[RFC PATCH] membarrier: riscv: Provide core serializing command

Robbin Ehn rehn at rivosinc.com
Wed Nov 22 22:52:36 PST 2023


On Thu, Nov 23, 2023 at 2:07 AM Charlie Jenkins <charlie at rivosinc.com> wrote:
>
> On Thu, Nov 09, 2023 at 08:24:58PM +0100, Andrea Parri wrote:
> > Mathieu, all,
> >
> > Sorry for the delay,
> >
> > > AFAIR this patch implements sync_core_before_usermode which gets used by
> > > membarrier_mm_sync_core_before_usermode() to handle the uthread->kthread->uthread
> > > case. It relies on switch_mm issuing a core serializing instruction as well.
> > >
> > > Looking at RISC-V switch_mm(), I see that switch_mm() calls:
> > >
> > >   flush_icache_deferred(next, cpu);
> > >
> > > which only issues a fence.i if a deferred icache flush was required. We're
> > > missing the part that sets the icache_stale_mask cpumask bits when a
> > > MEMBARRIER_CMD_PRIVATE_EXPEDITED_SYNC_CORE is invoked.
> >
> > [...]
> >
> > > The only part where I think you may want to keep some level of deferred
> > > icache flushing as you do now is as follows:
> > >
> > > - when membarrier MEMBARRIER_CMD_PRIVATE_EXPEDITED_SYNC_CORE is invoked,
> > >   call a new architecture hook which sets cpumask bits in the mm context
> > >   that tells the next switch_mm on each cpu to issue fence.i for that mm.
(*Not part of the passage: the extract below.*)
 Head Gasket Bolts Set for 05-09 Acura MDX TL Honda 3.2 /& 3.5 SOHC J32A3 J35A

> > > - keep something like flush_icache_deferred as you have now.
> > >
> > > Otherwise, I fear the overhead of a very expensive fence.i would be too
> > > much when processes registering with MEMBARRIER_CMD_REGISTER_PRIVATE_EXPEDITED_SYNC_CORE
> > > and start doing fence.i on each and every switch_mm().
> > >
> > > So you'd basically rely on membarrier to only issue IPIs to the CPUs which are
> > > currently running threads belonging to the mm, and handle the switch_mm with
> > > the sync_core_before_usermode() for uthread->kthread->uthread case, and implement
> > > a deferred icache flush for the typical switch_mm() case.
> >
> > I've (tried to) put this together and obtained the two patches reported below.
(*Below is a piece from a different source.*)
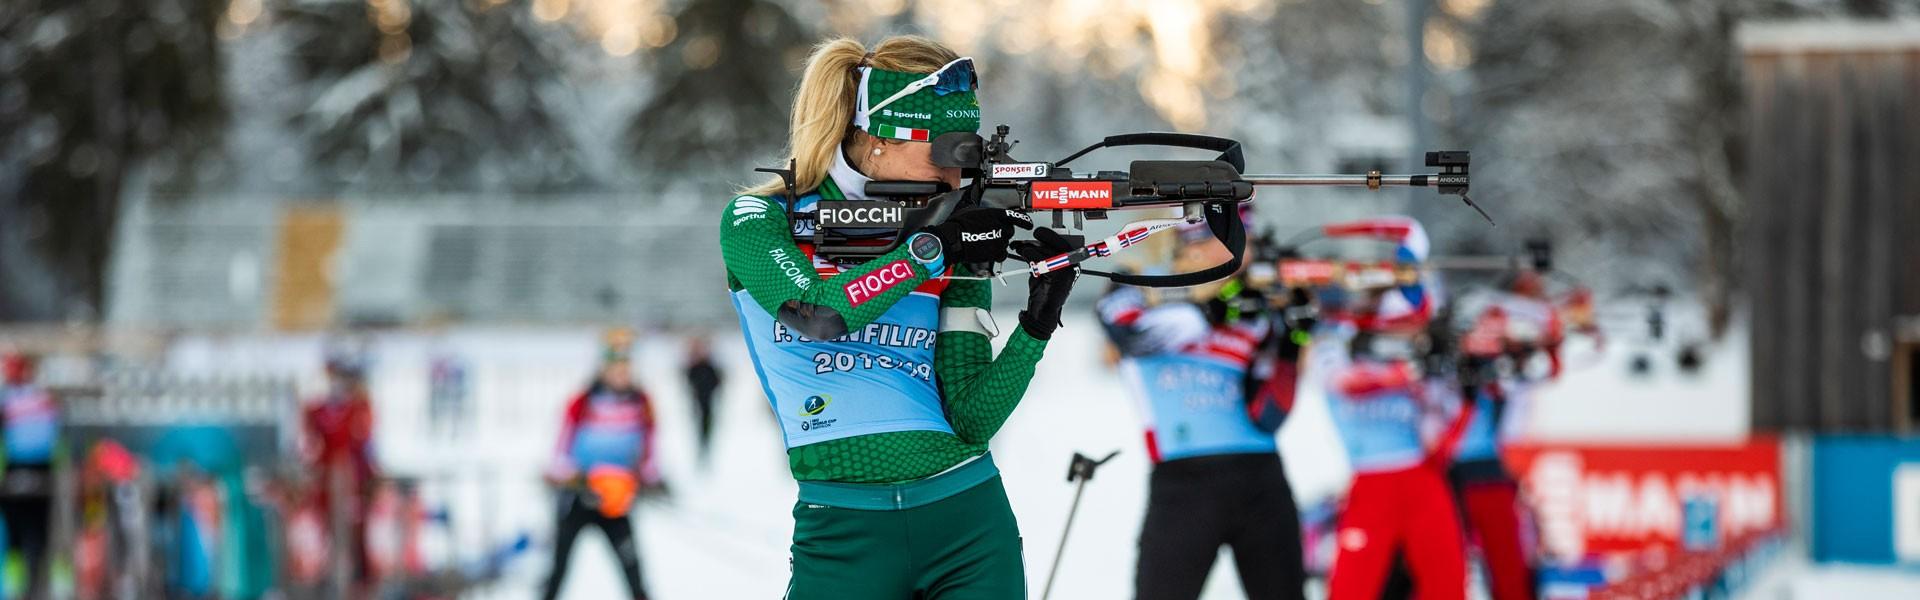 Biathlon 2019 in Ruhpolding

> > Please let me know if this aligns with your intentions and/or there's interest
> > in a proper submission.
> >
> >   Andrea
> >
> >
> > From e7d07a6c04b2565fceedcd71c2175e7df7e11d96 Mon Sep 17 00:00:00 2001
> > From: Andrea Parri <parri.andrea at gmail.com>
> > Date: Thu, 9 Nov 2023 11:03:00 +0100
> > Subject: [PATCH 1/2] locking: Introduce prepare_sync_core_cmd()
> >
> > Introduce an architecture function that architectures can use to set
> > up ("prepare") SYNC_CORE commands.
> >
> > The function will be used by RISC-V to update its "deferred icache-
> > flush" data structures (icache_stale_mask).
> >
> > Architectures defining prepare_sync_core_cmd() static inline need to
> > select ARCH_HAS_PREPARE_SYNC_CORE_CMD.
> >
> > Signed-off-by: Andrea Parri <parri.andrea at gmail.com>
> > Suggested-by: Mathieu Desnoyers <mathieu.desnoyers at efficios.com>
> > ---
> >  include/linux/sync_core.h | 16 +++++++++++++++-
> >  init/Kconfig              |  3 +++
> >  kernel/sched/membarrier.c |  1 +
> >  3 files changed, 19 insertions(+), 1 deletion(-)
> >
> > diff --git a/include/linux/sync_core.h b/include/linux/sync_core.h
> > index 013da4b8b3272..67bb9794b8758 100644
> > --- a/include/linux/sync_core.h
> > +++ b/include/linux/sync_core.h
> > @@ -17,5 +17,19 @@ static inline void sync_core_before_usermode(void)
> >  }
> >  #endif
> >
> > -#endif /* _LINUX_SYNC_CORE_H */
> > +#ifdef CONFIG_ARCH_HAS_PREPARE_SYNC_CORE_CMD
> > +#include <asm/sync_core.h>
> > +#else
> > +/*
> > + * This is a dummy prepare_sync_core_cmd() implementation that can be used on
> > + * all architectures which provide unconditional core serializing instructions
> > + * in switch_mm().
> > + * If your architecture doesn't provide such core serializing instructions in
> > + * switch_mm(), you may need to write your own functions.
> > + */
> > +static inline void prepare_sync_core_cmd(struct mm_struct *mm)
> > +{
> > +}
> > +#endif
> >
> > +#endif /* _LINUX_SYNC_CORE_H */
> > diff --git a/init/Kconfig b/init/Kconfig
> > index 6d35728b94b2b..61f5f982ca451 100644
> > --- a/init/Kconfig
> > +++ b/init/Kconfig
> > @@ -1972,6 +1972,9 @@ source "kernel/Kconfig.locks"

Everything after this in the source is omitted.